Вся комната его была заставлена и завалена какими-то ящиками, толстыми книгами незнакомой мне гражданской печати, всюду стояли бутылки с разноцветными жидкостями, куски меди и железа, прутья свинца. С утра до вечера он, в рыжей кожаной куртке, в серых клетчатых штанах, весь измазанный какими-то красками, неприятно пахучий, встрепанный и неловкий, плавил свинец, паял какие-то медные штучки, что-то взвешивал на маленьких весах, мычал, обжигал пальцы и торопливо дул на них, подходил, спотыкаясь, к чертежам на стене и, протерев очки, нюхал чертежи, почти касаясь бумаги тонким и прямым, странно белым носом. А иногда вдруг останавливался среди комнаты или у окна и долго стоял, закрыв глаза, подняв лицо, остолбеневший, безмолвный.

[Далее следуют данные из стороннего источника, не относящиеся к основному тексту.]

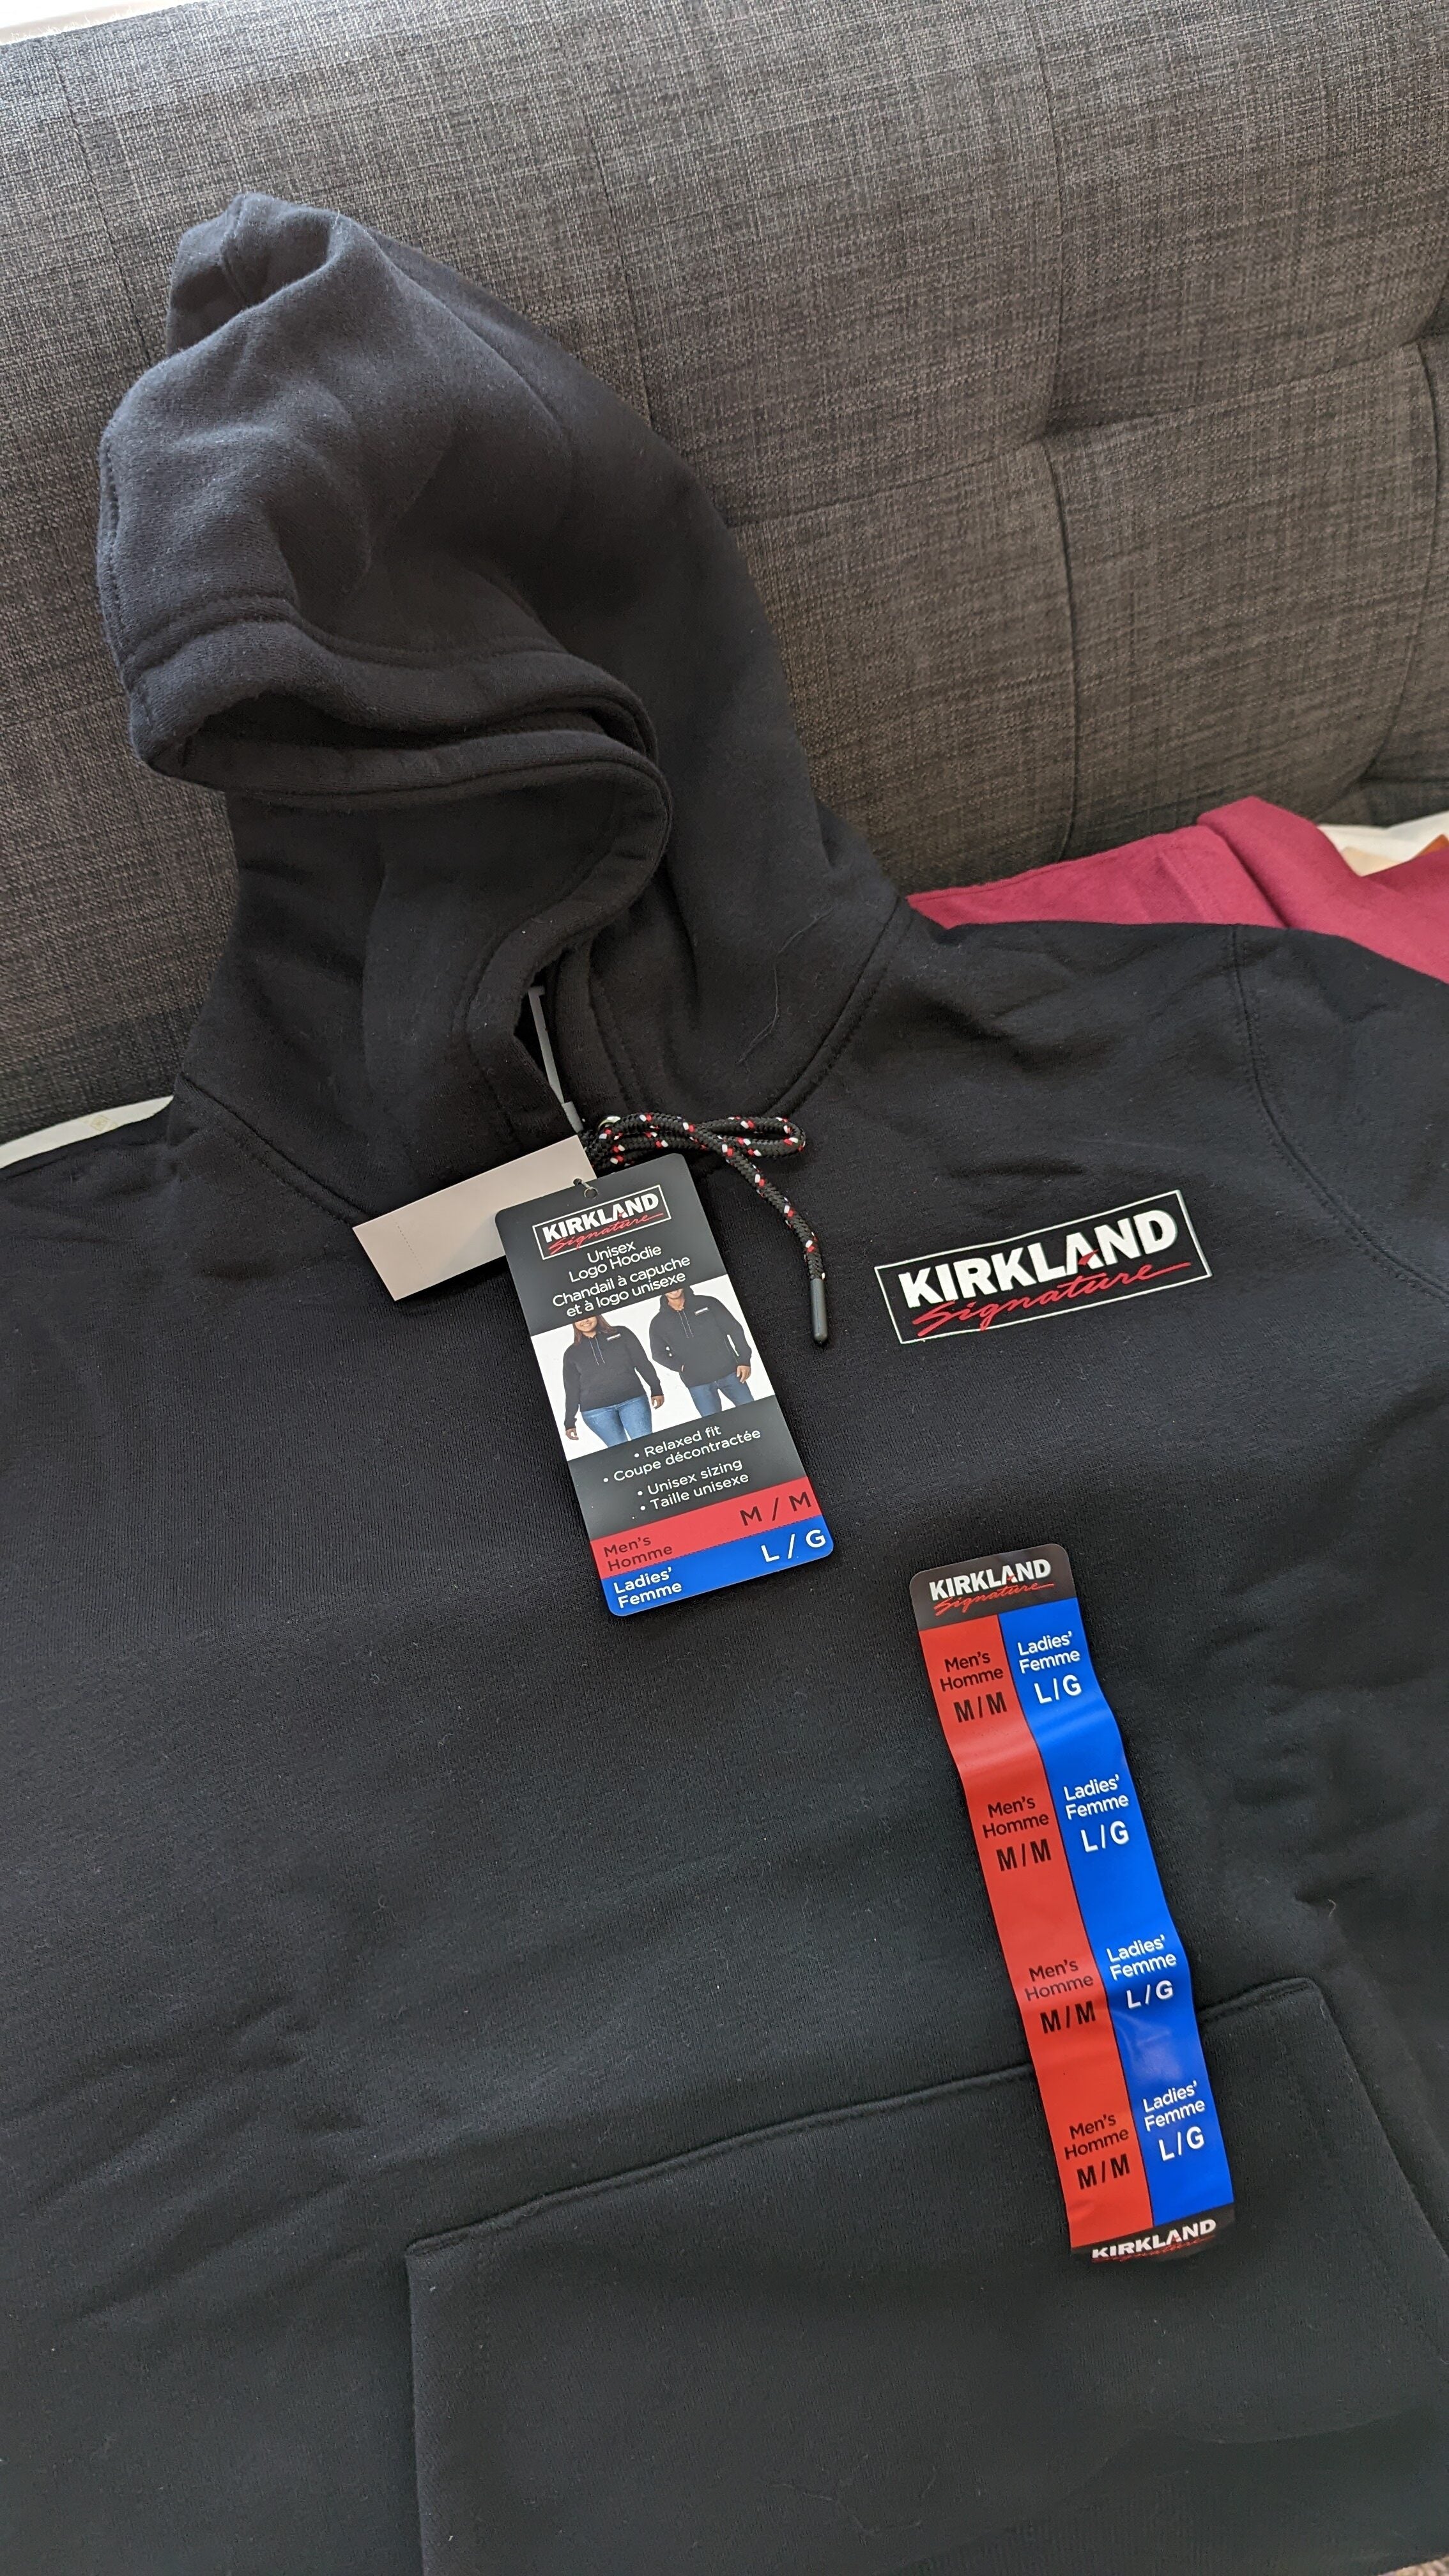 Costco] Kirkland Signature Logo Hoodie - $33.99 !!! - RedFlagDeals

Я влезал на крышу сарая и через двор наблюдал за ним в открытое окно, видел синий огонь спиртовой лампы на столе, темную фигуру; видел, как он пишет что-то в растрепанной тетради, очки его блестят холодно и синевато, как льдины, — колдовская работа этого человека часами держала меня на крыше, мучительно разжигая любопытство.
Иногда он, стоя в окне, как в раме, спрятав руки за спину, смотрел прямо на крышу, но меня как будто не видел, и это очень обижало. Вдруг отскакивал к столу и, согнувшись вдвое, рылся на нем.

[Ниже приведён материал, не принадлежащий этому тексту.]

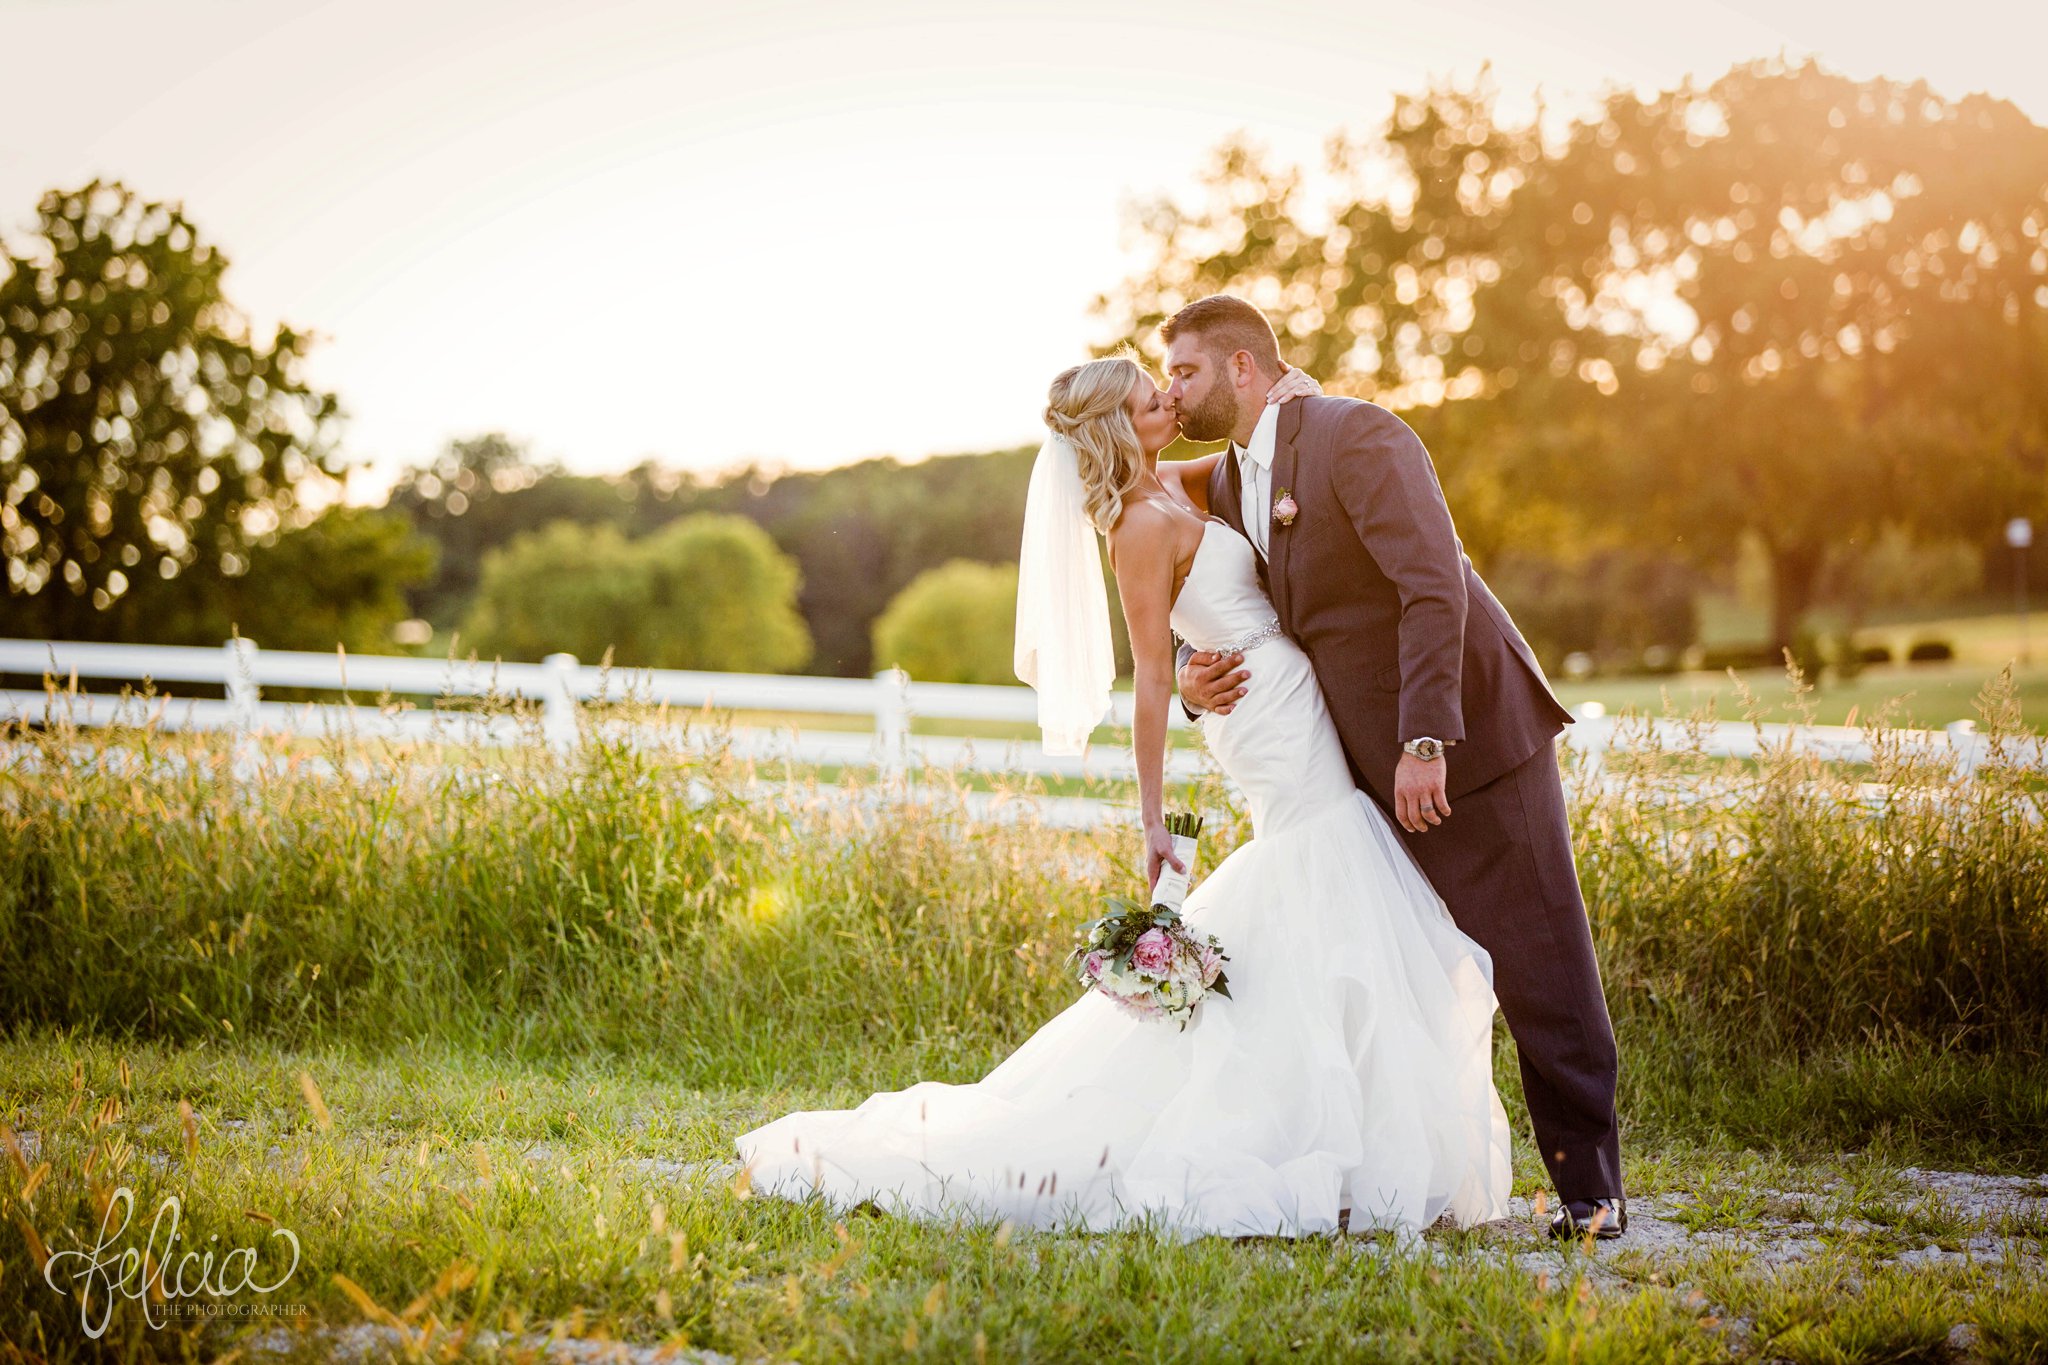 Bride and Groom | Photography | Sunset | Golden Hour | White Pickett Fence | Eighteen Ninety | Kansas City Wedding Venue | Felicia The Photographer

Я думаю, что я боялся бы его, будь он богаче, лучше одет, но он был беден: над воротником его куртки торчал измятый, грязный ворот рубахи, штаны — в пятнах и заплатах, на босых ногах — стоптанные туфли. Бедные — не страшны, не опасны, в этом меня незаметно убедило жалостное отношение к ним бабушки и презрительное — со стороны деда.
Никто в доме не любил Хорошее Дело; все говорили о нем посмеиваясь; веселая жена военного звала его «меловой нос», дядя Петр — аптекарем и колдуном, дед — чернокнижником, фармазоном.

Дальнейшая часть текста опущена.